Investing.com - The U.S. dollar edged higher Thursday, bouncing from near five-month lows in the wake of the Federal Reserve’s latest policy-setting meeting, while sterling edged lower after benign unemployment data and ahead of a Bank of England meeting.
At 05:35 ET (09:35 GMT), the Dollar Index, which tracks the greenback against a basket of six other currencies, traded 0.5% higher to 103.560, bouncing off a five-month low touched earlier this week.
Dollar gains after Fed meeting
The Federal Reserve held its benchmark overnight rate steady in the 4.25%-4.50% range, as widely expected, but policymakers projected two quarter-point interest rate cuts were likely later this year, even as they expect slower economic growth and higher inflation.
“The revision lower in the dot plot, from 25bp to 50bp for 2025, is still more hawkish than market pricing (65bp) and the Fed’s greater uncertainty on unemployment also came with warning signals on inflation, effectively arguing against imminent dovish turns,” said analysts at ING, in a note.
Traders are pricing in 65 basis points of easing this year from the Fed, about two rate reductions of 25 bps each, with a cut in July fully priced in, LSEG data showed.
Powell’s comments and the Fed statement underscored the challenge faced by policymakers as they navigate President Donald Trump’s plans to levy duties on imports from U.S. trading partners and the impact on the economy.
There is more U.S. economic data to digest Thursday, including weekly jobless claims and the March Philadelphia Fed manufacturing index.
“There are a few important data risk events for the dollar in the coming weeks, where the relatively unchanged Fed pricing will be tested. Barring an immediate deterioration in jobs or core PCE, we still think the start of universal US tariffs on 2 April can bring about fresh support for the greenback,” ING added.
Sterling down ahead of BOE meeting
In Europe, GBP/USD fell 0.2% to 1.2956, after the release of economic data showing stability in the U.K. jobs market, ahead of the latest Bank of England policy-setting meeting.
Britain’s unemployment rate held at 4.4% in January, while pay growth across the economy, excluding bonuses, stood at 5.9%, unchanged from the fourth quarter.
In a further sign of a stabilising jobs markets, the number of job vacancies in the December-to-February period stood at 816,000, the first increase when comparing a three-month period with the previous one since April-to-June 2022.
This relative stability could provide the Bank of England with extra time to pursue a relatively cautious stance towards more interest rate cuts, especially after inflation edged higher last month.
The U.K. central bank is widely expected to keep interest rates unchanged later Thursday.
EUR/USD traded 0.4% lower at 1.0854, with the single currency weakening after European Central Bank President Christine Lagarde stated that the eurozone economy would take a large hit from a full-scale trade war with the United States and inflation could surge.
The U.S. has already imposed tariffs on steel and aluminium products from around the world and said it would review its trade relationship with the European Union.
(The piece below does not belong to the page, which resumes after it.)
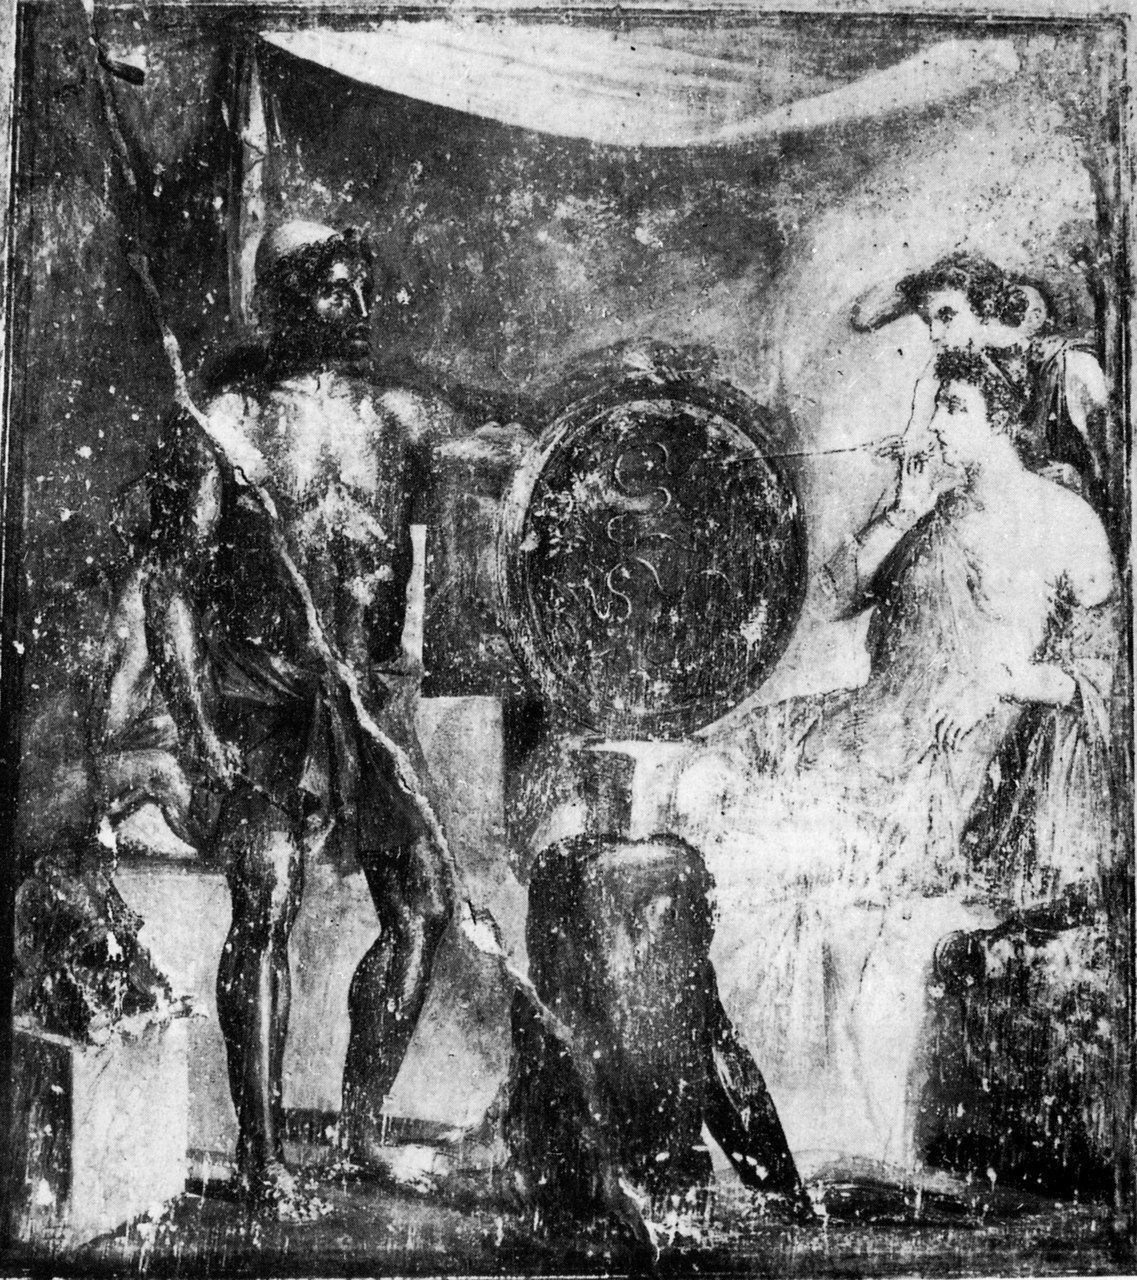 Wall painting from the Domus Uboni (Pompeii IX.5.2), first century AD first century AD. (Reproduced by kind permission of the Institut für Klassische Archäologie und Museum für Abgüsse Klassischer Bildwerke, Ludwig-Maximilians-Universität, Munich)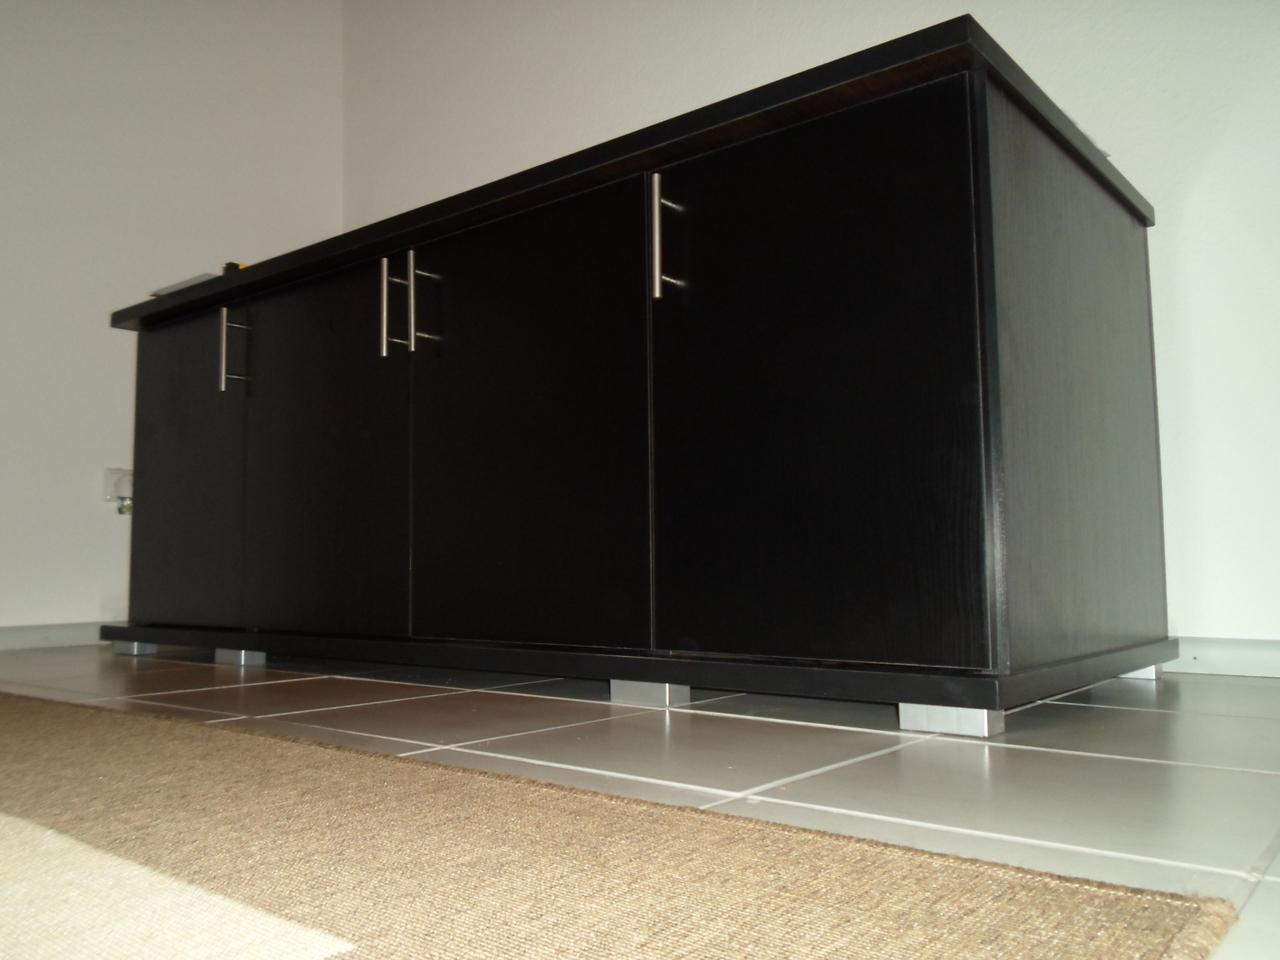 endlich der startschu f r meine pf tze diskussionsforum diskussionsforum f r diskusliebhaber. Black Bedroom Furniture Sets. Home Design Ideas

This has already prompted retaliatory measures from the EU, which are set to come into effect in April.
USD/CHF rose 0.4% to 0.8822, with the Swiss franc slipping after the Swiss National Bank cut its policy interest rate by 25 basis points to 0.25%, its fifth successive cut since it started lowering borrowing costs in March 2024.
Yuan slips slightly
In Asia, USD/JPY traded largely unchanged at 148.74, with Japan on holiday, while USD/CNY traded 0.2% higher to 7.2453, rising slightly after the People’s Bank of China kept its benchmark loan prime rate unchanged at record lows.